— DATA BELOW —
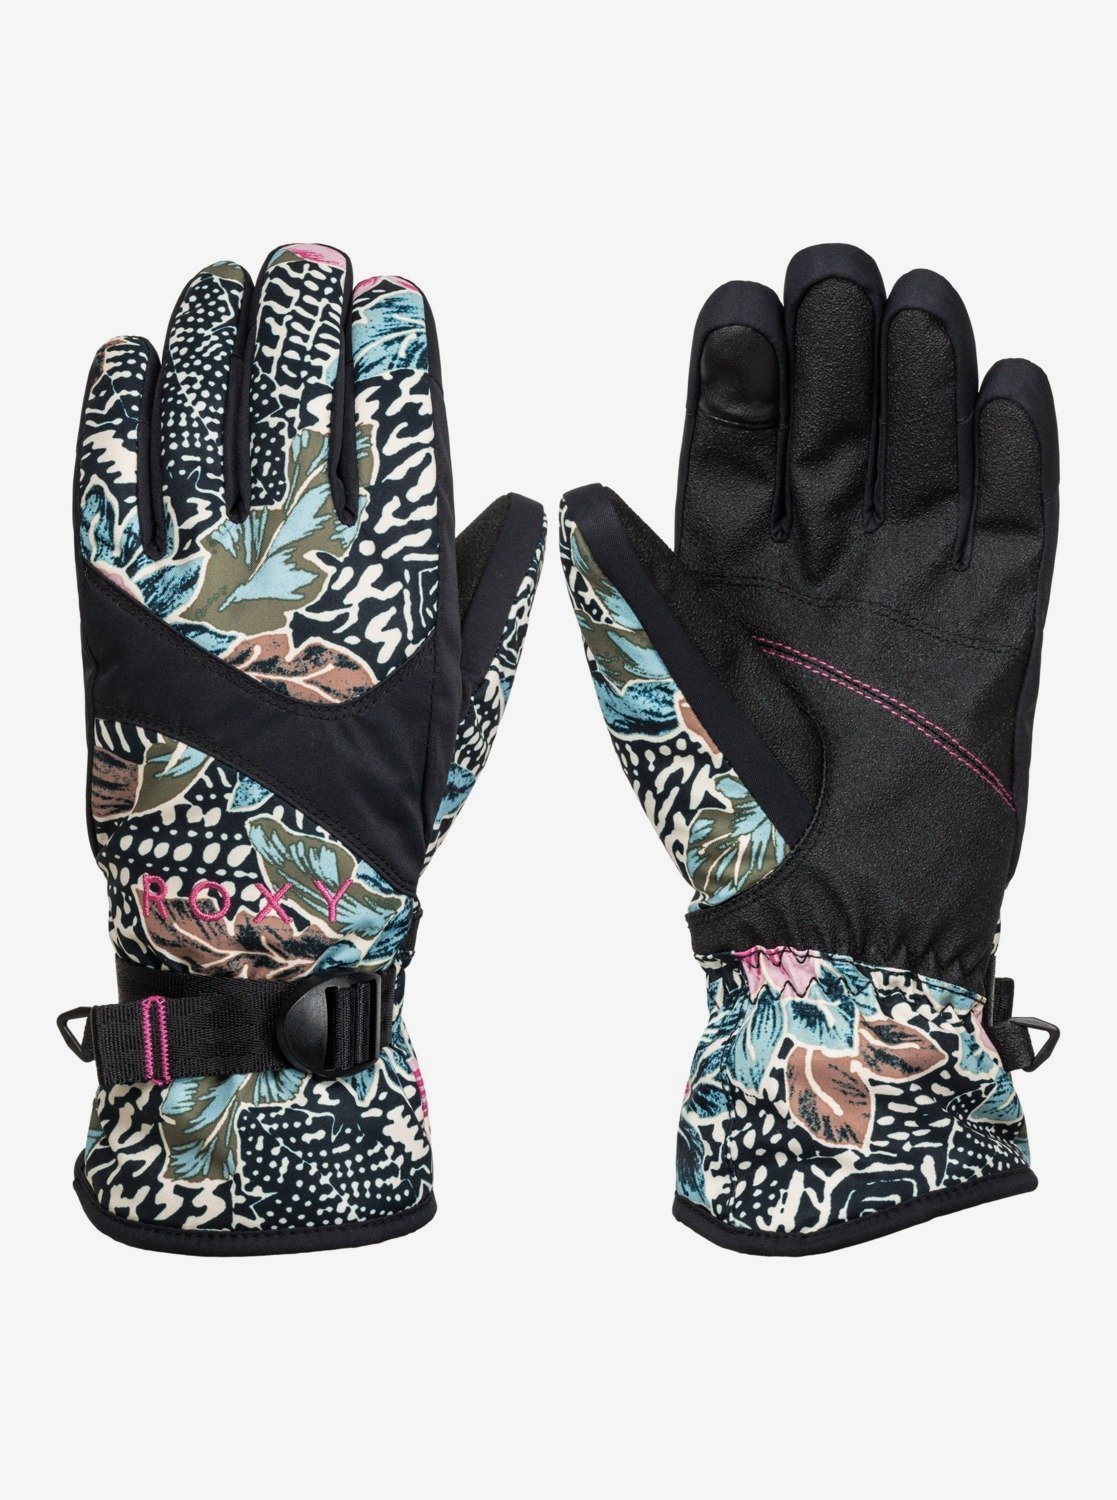 Розовые перчатки сноубордические roxy. Перчатки черные Roxy Jetty. Рокси перчатки женские. Roxy перчатки сноубордические. Roxy Hydrosmart перчатки.
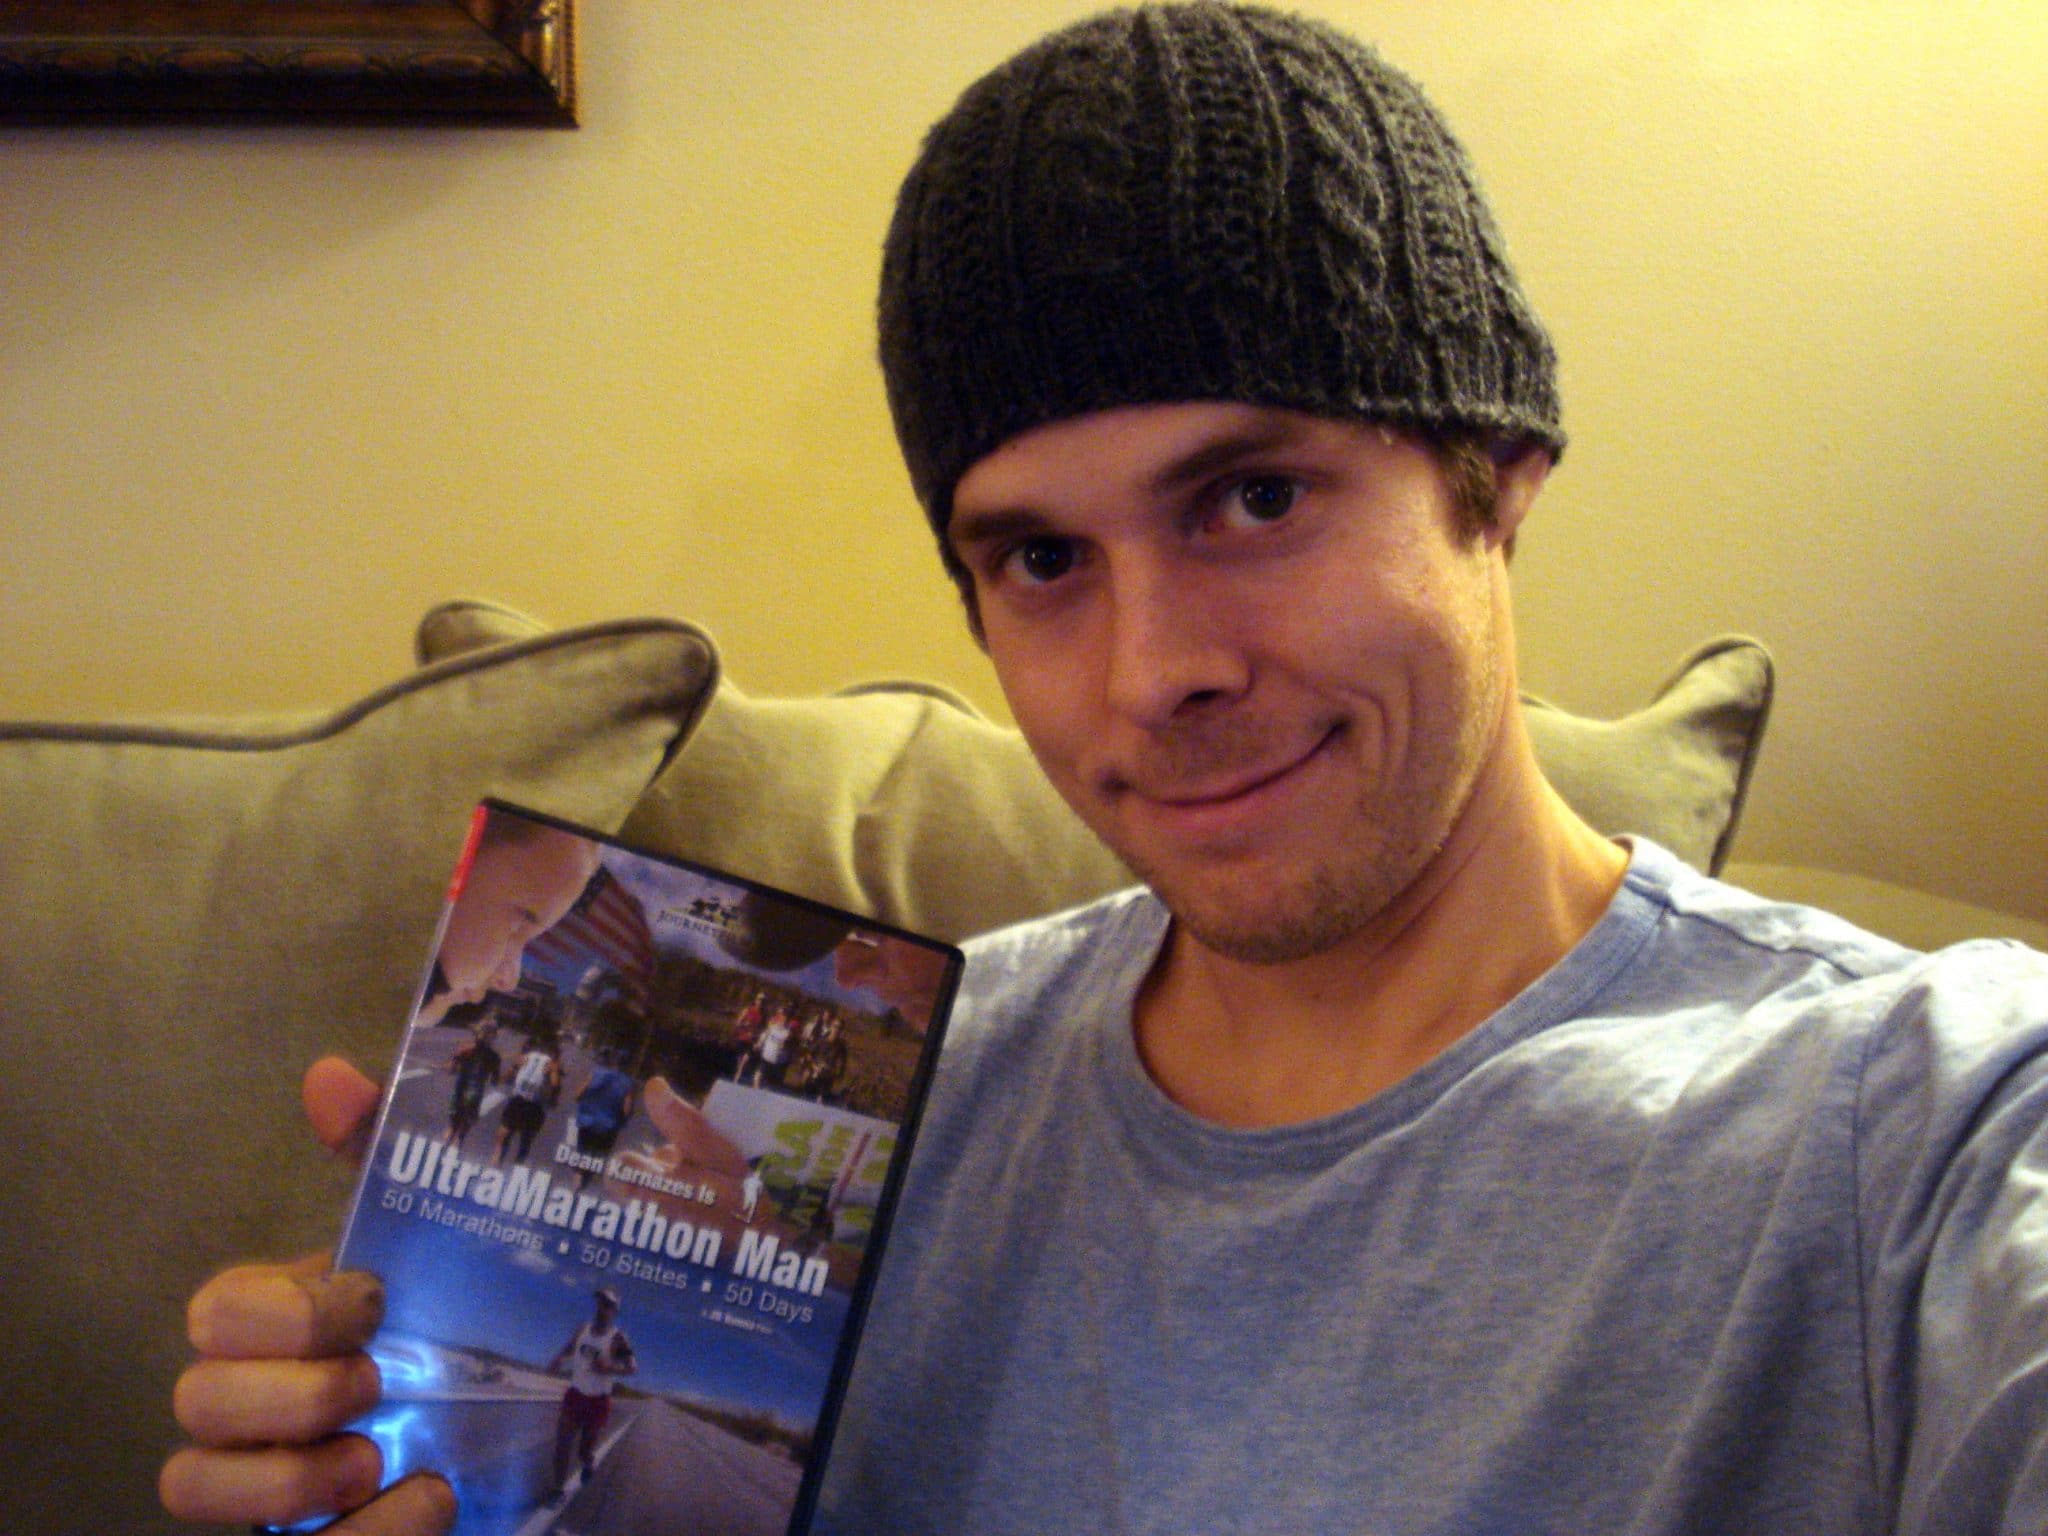 Matt posing with DVD "Ultramarathon Man"
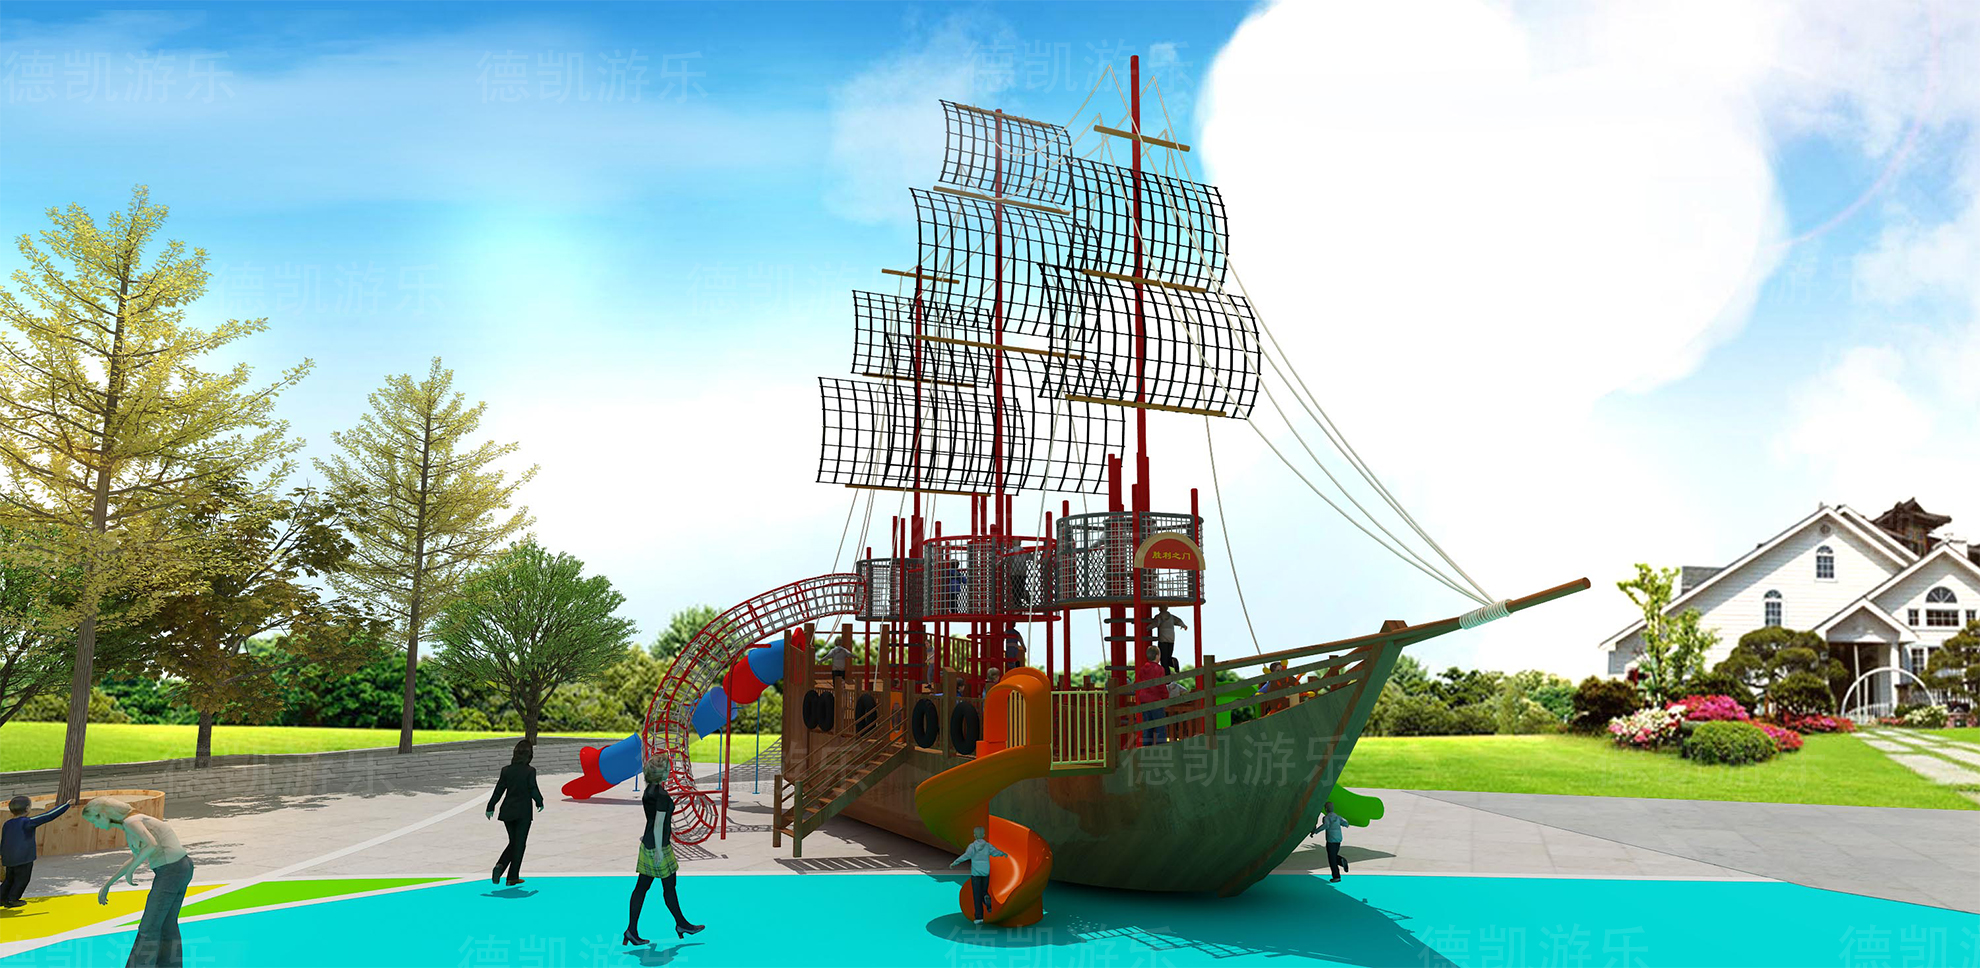 海盗船-主题造型系列-德凯游乐设备-四川游乐场设备设施公司-儿童游乐设备-户外游乐场设施-成都儿童乐园设计厂家

— WHAT THE TASK ASKS —
When you retype the listing, keep every line exactly as it is and drop the pictures.

— EXPECTED ANSWER —
 Розовые перчатки сноубордические roxy. Перчатки черные Roxy Jetty. Рокси перчатки женские. Roxy перчатки сноубордические. Roxy Hydrosmart перчатки.
 Matt posing with DVD "Ultramarathon Man"
 海盗船-主题造型系列-德凯游乐设备-四川游乐场设备设施公司-儿童游乐设备-户外游乐场设施-成都儿童乐园设计厂家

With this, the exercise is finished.